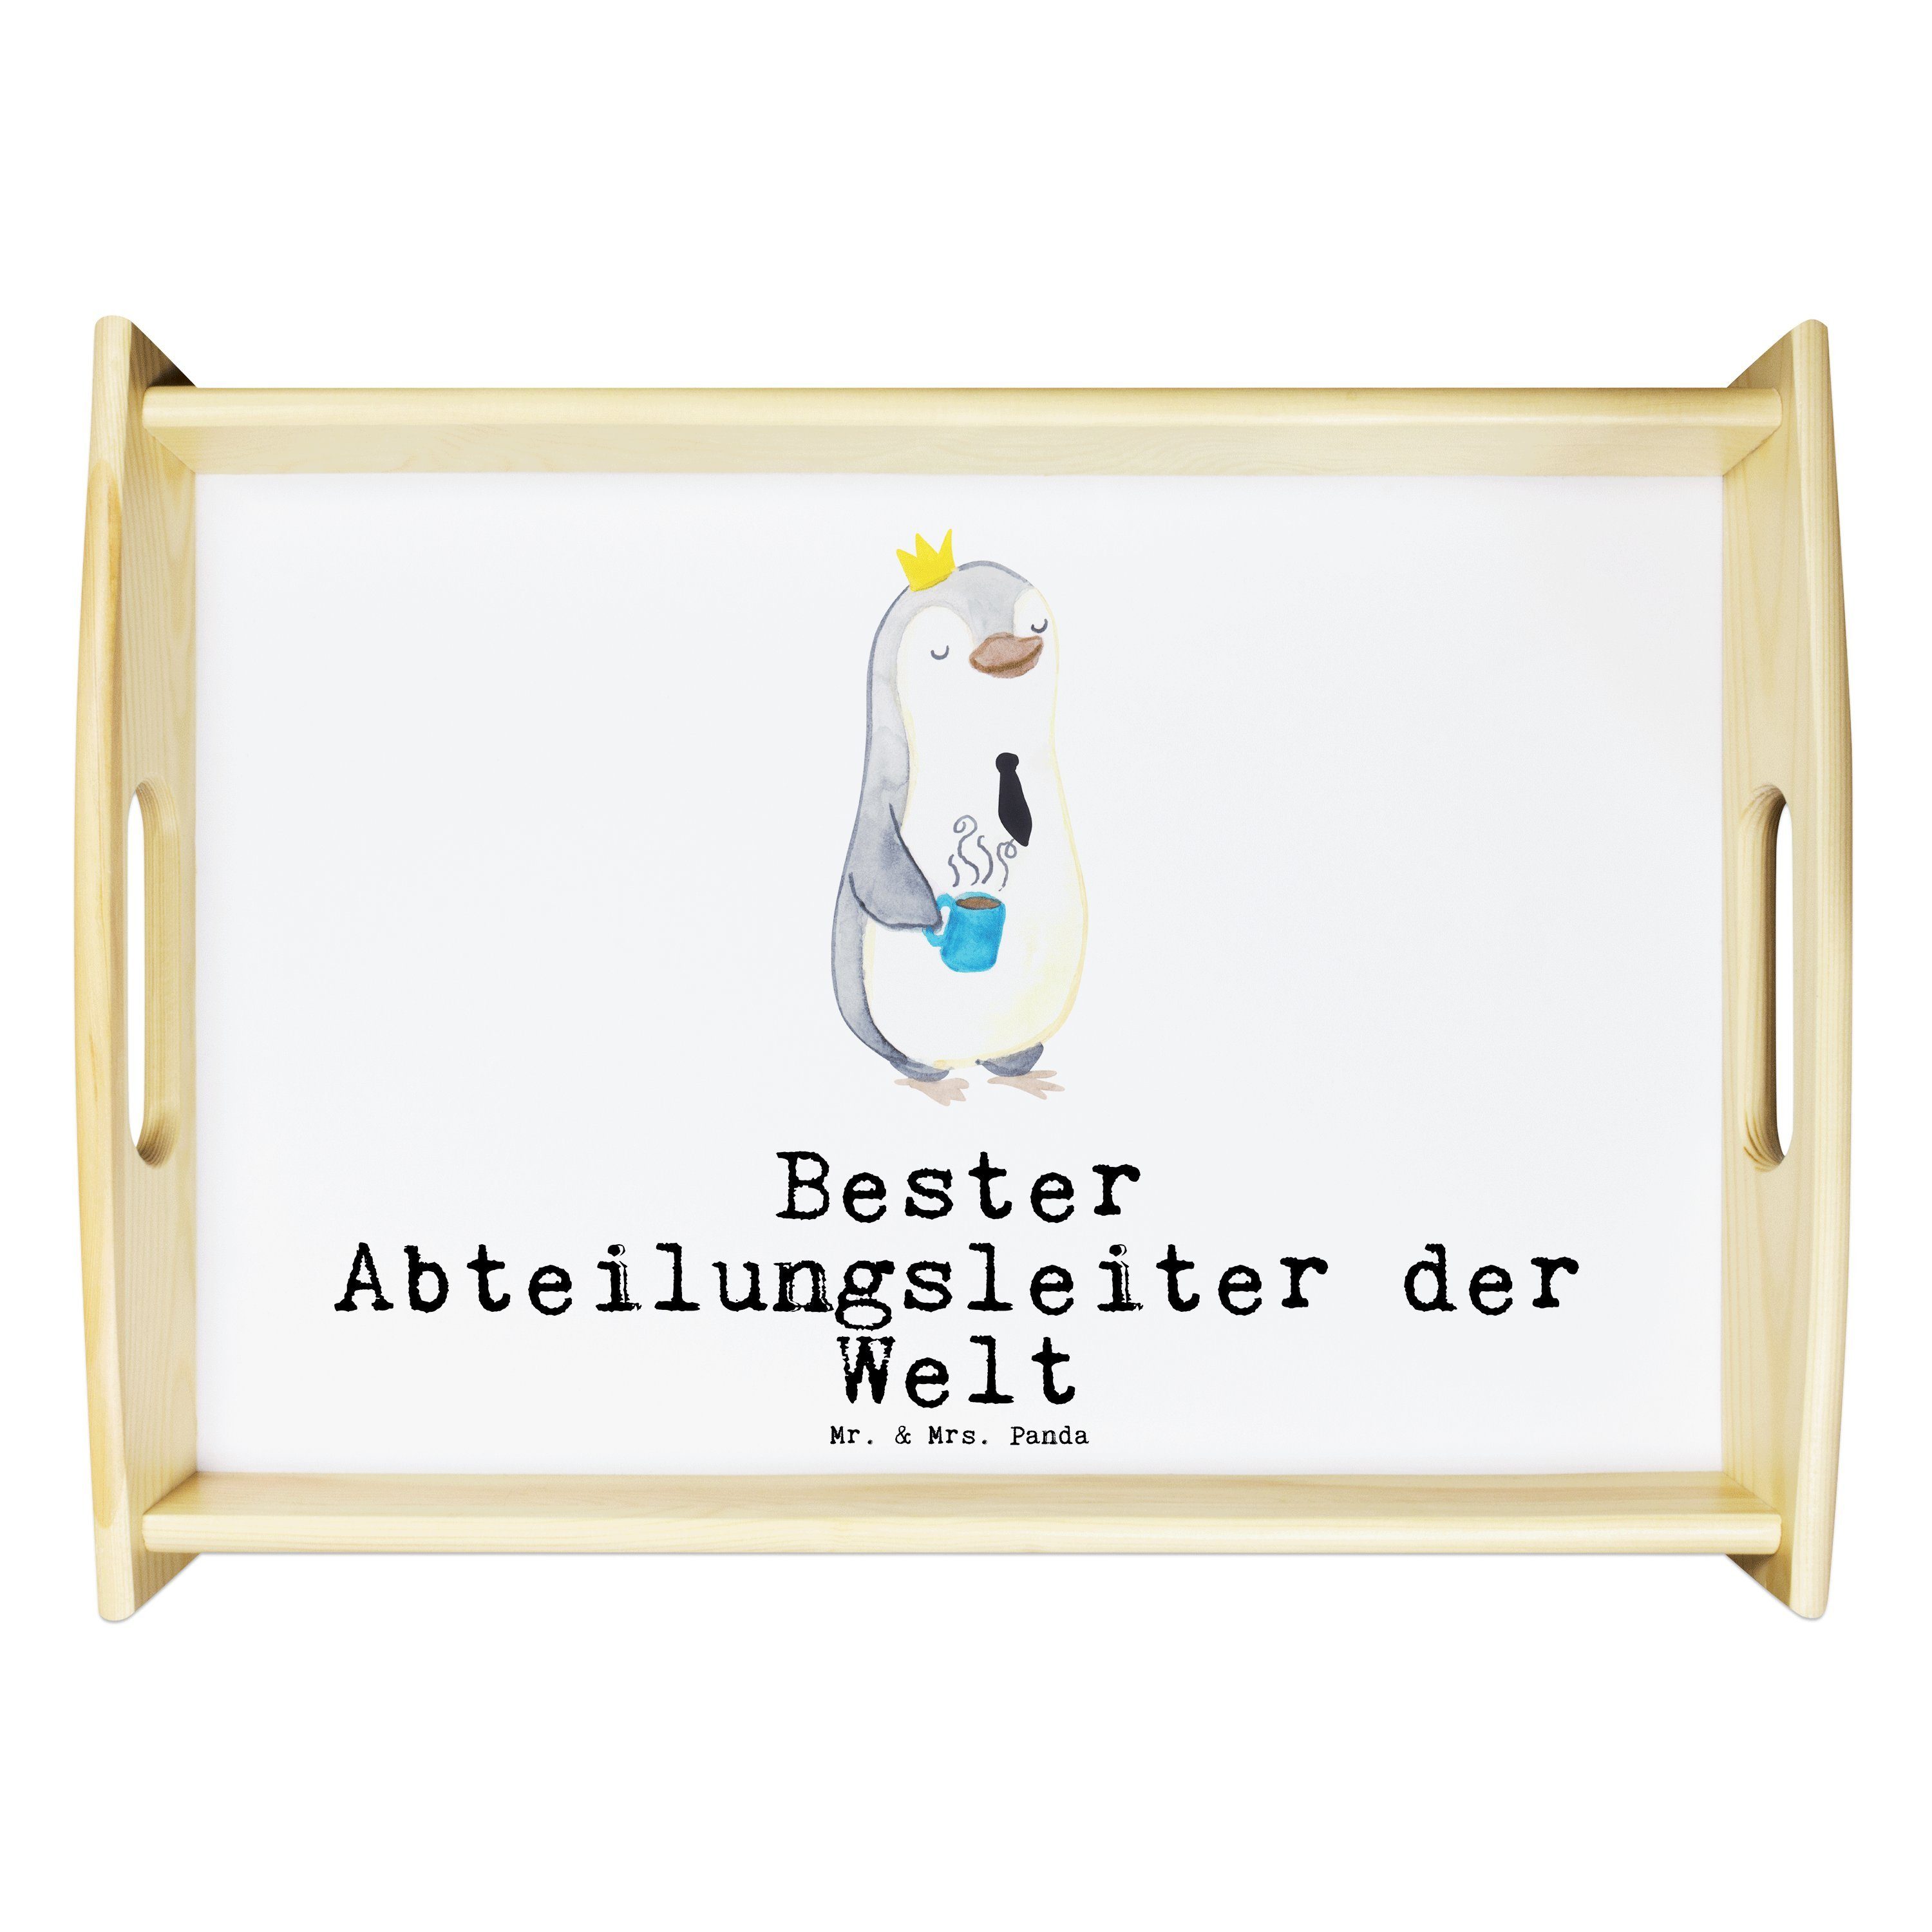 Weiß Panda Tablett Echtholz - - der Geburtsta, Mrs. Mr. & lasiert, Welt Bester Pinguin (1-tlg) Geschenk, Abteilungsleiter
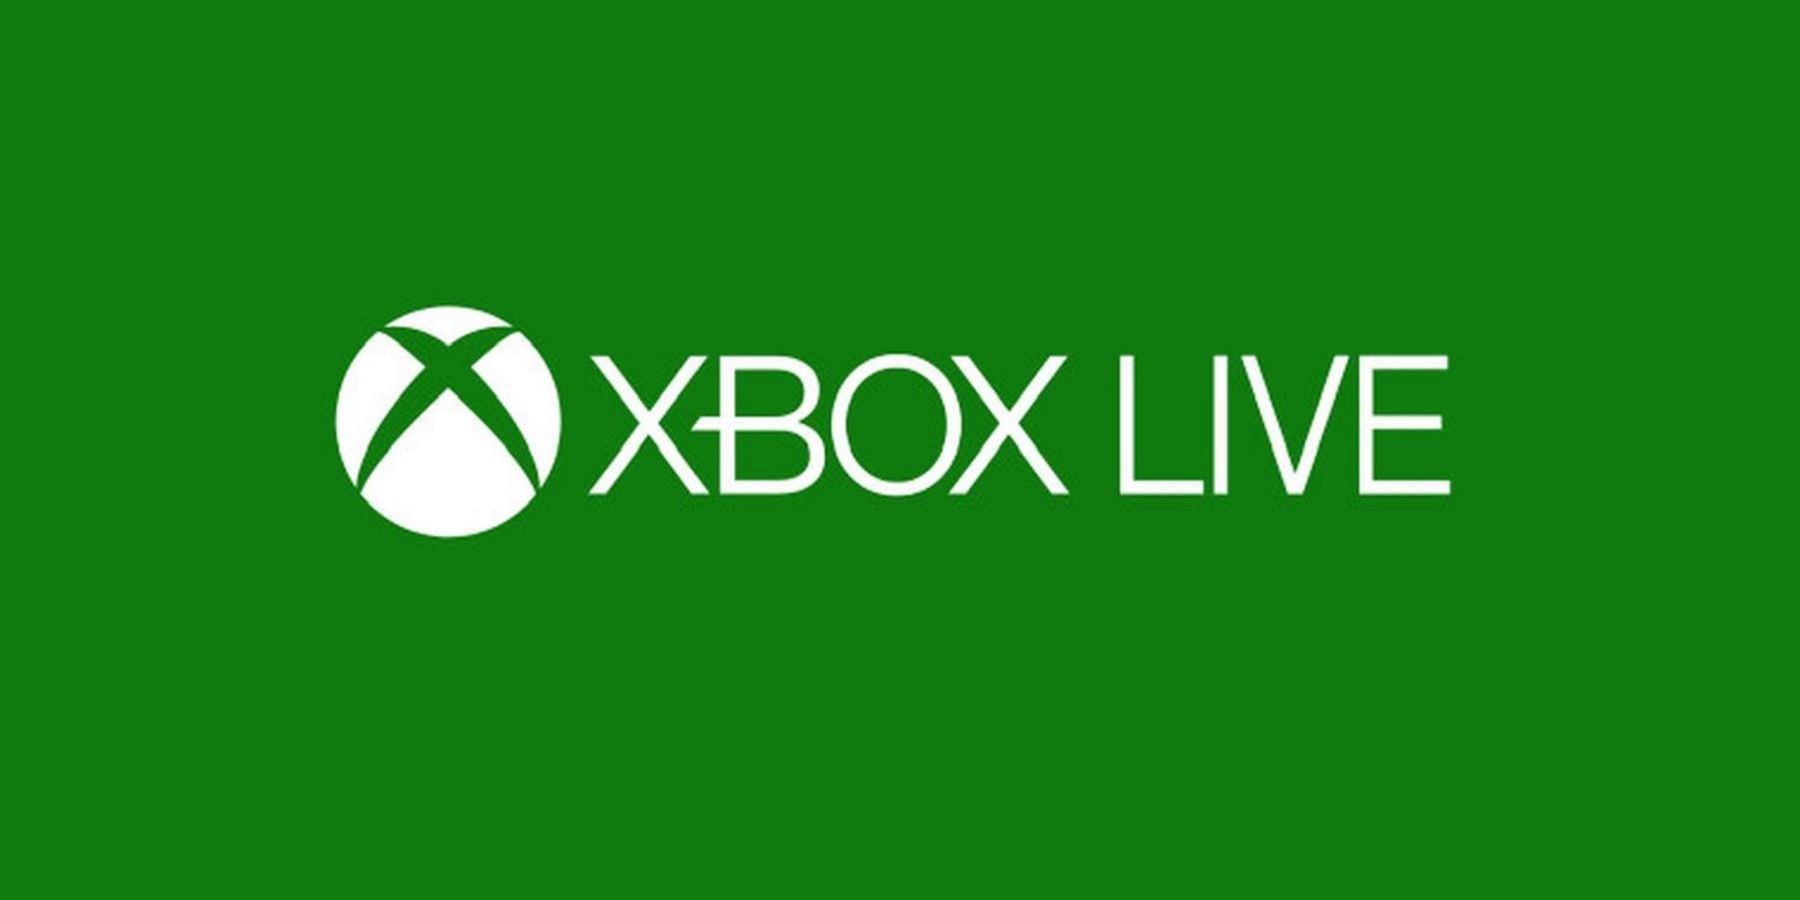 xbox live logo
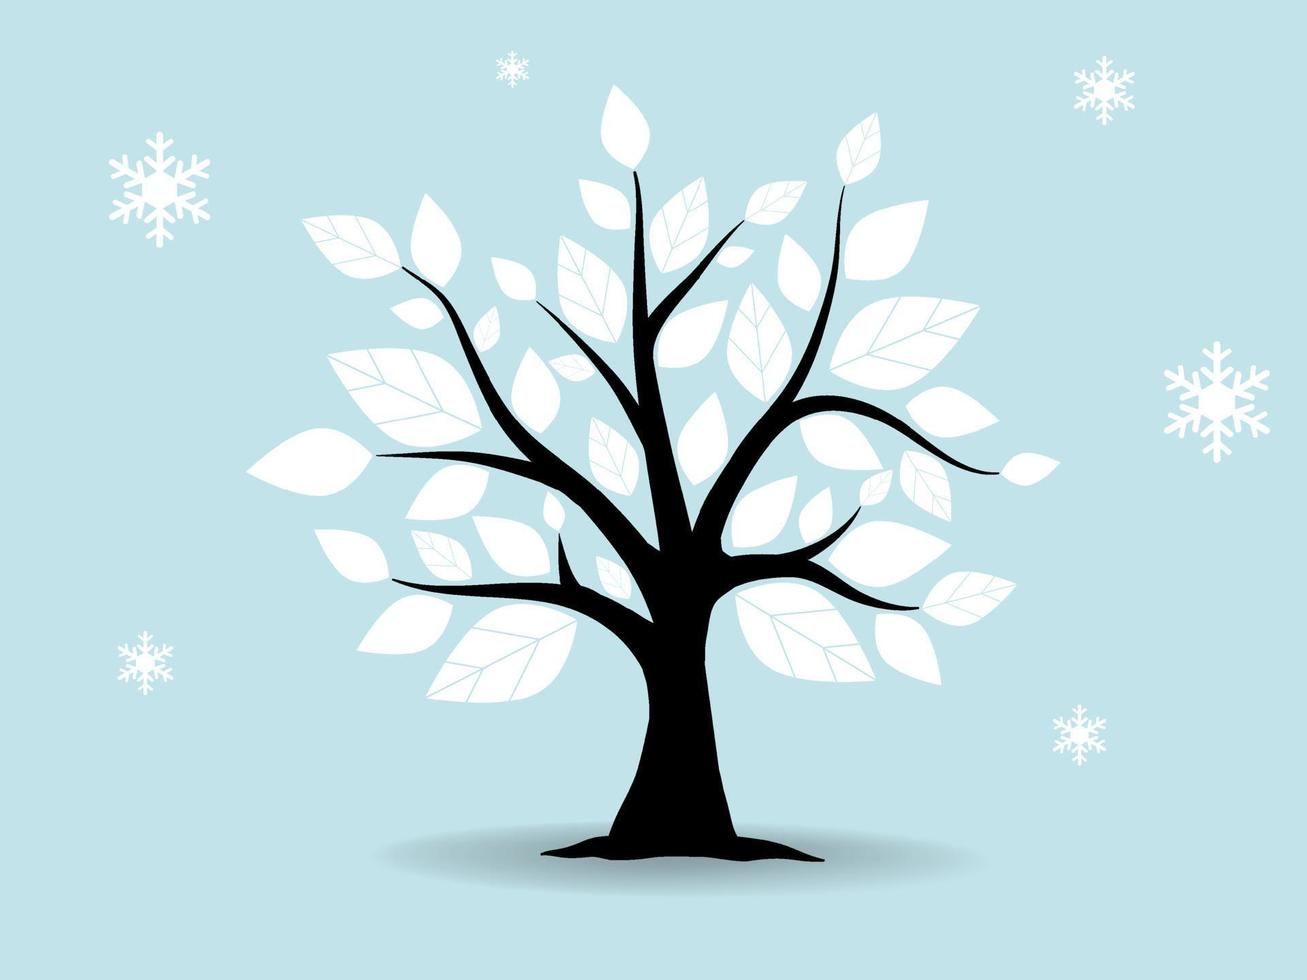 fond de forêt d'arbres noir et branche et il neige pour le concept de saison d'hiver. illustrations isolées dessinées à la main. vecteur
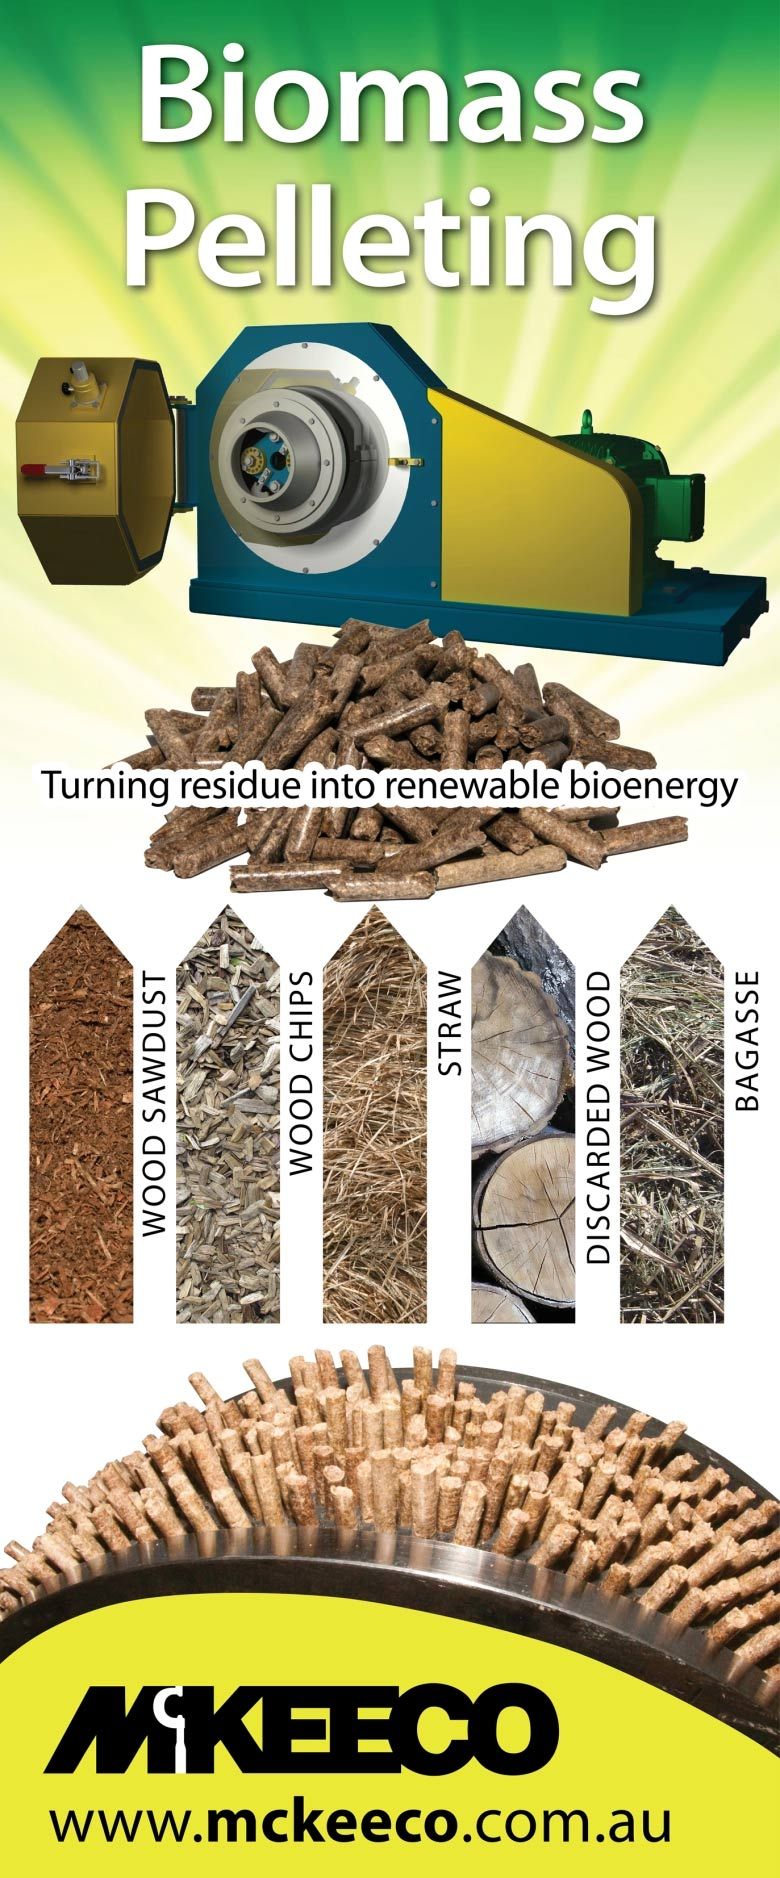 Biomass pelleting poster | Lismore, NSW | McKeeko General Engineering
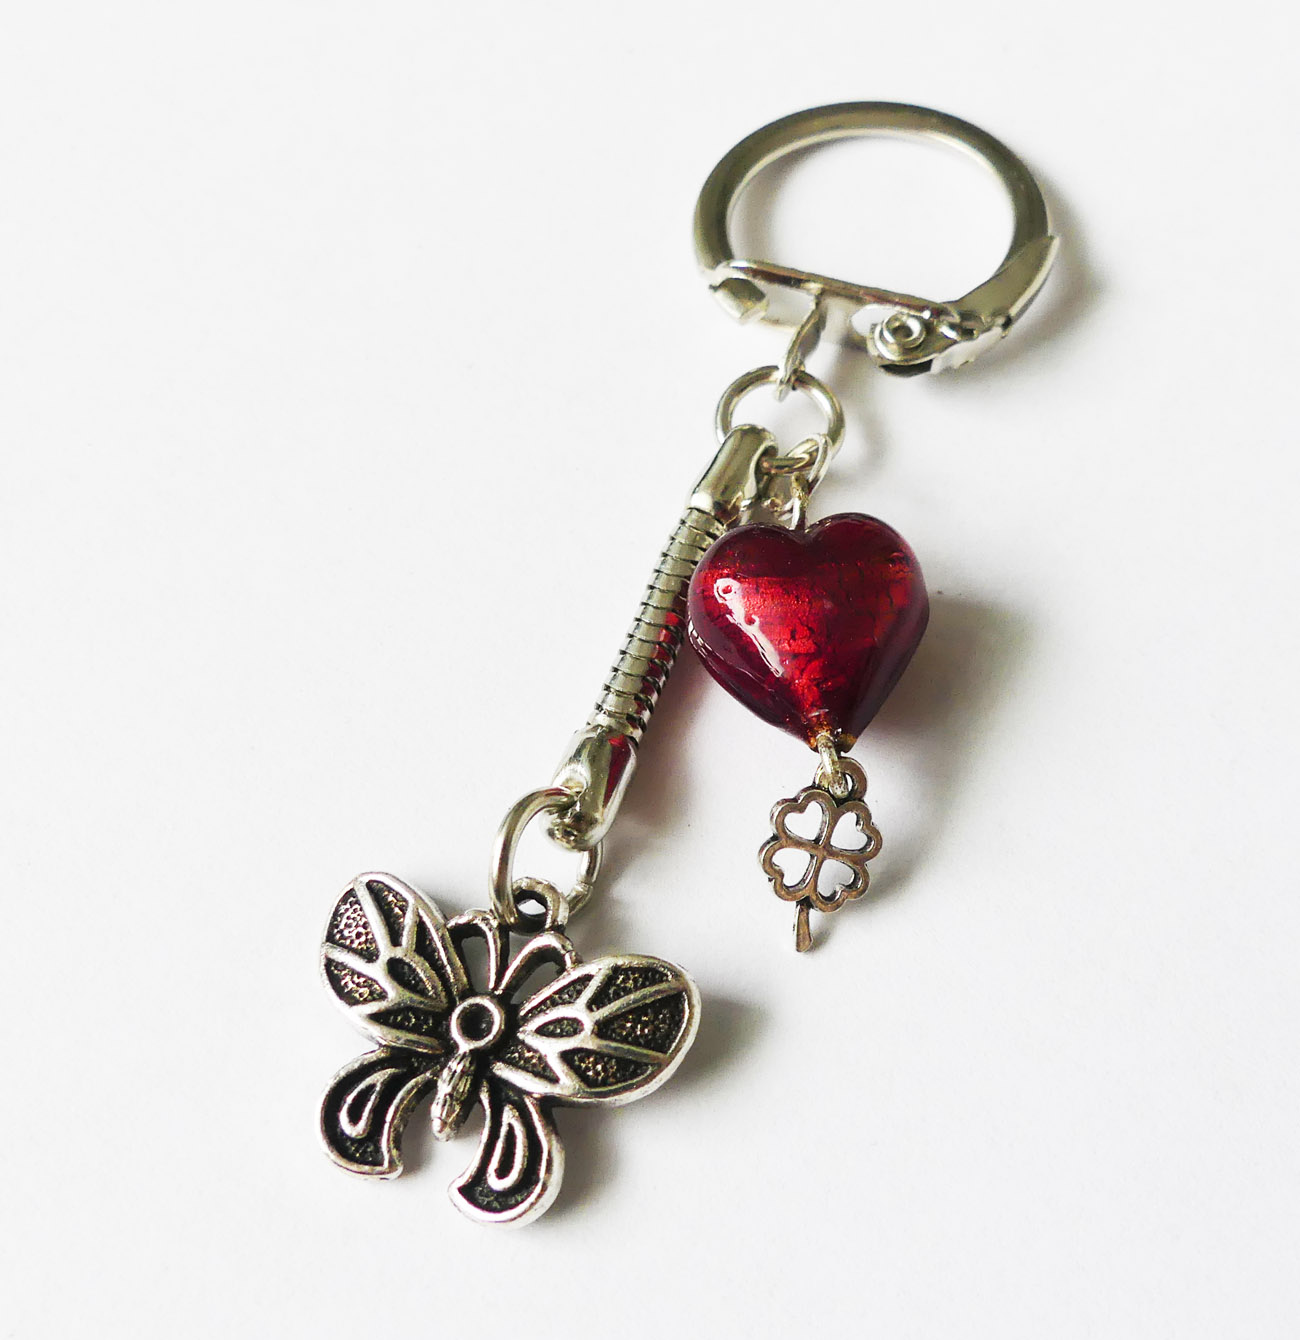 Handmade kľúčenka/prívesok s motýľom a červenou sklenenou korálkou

## Problem requirements:
When you copy the listing above, reproduce every line exactly and skip the images.

## Written answer:
 Weiß Panda Tablett Echtholz - - der Geburtsta, Mrs. Mr. & lasiert, Welt Bester Pinguin (1-tlg) Geschenk, Abteilungsleiter
 xbox live logo
 fond de forêt d'arbres noir et branche et il neige pour le concept de saison d'hiver. illustrations isolées dessinées à la main. vecteur
 Biomass pelleting poster | Lismore, NSW | McKeeko General Engineering
 Handmade kľúčenka/prívesok s motýľom a červenou sklenenou korálkou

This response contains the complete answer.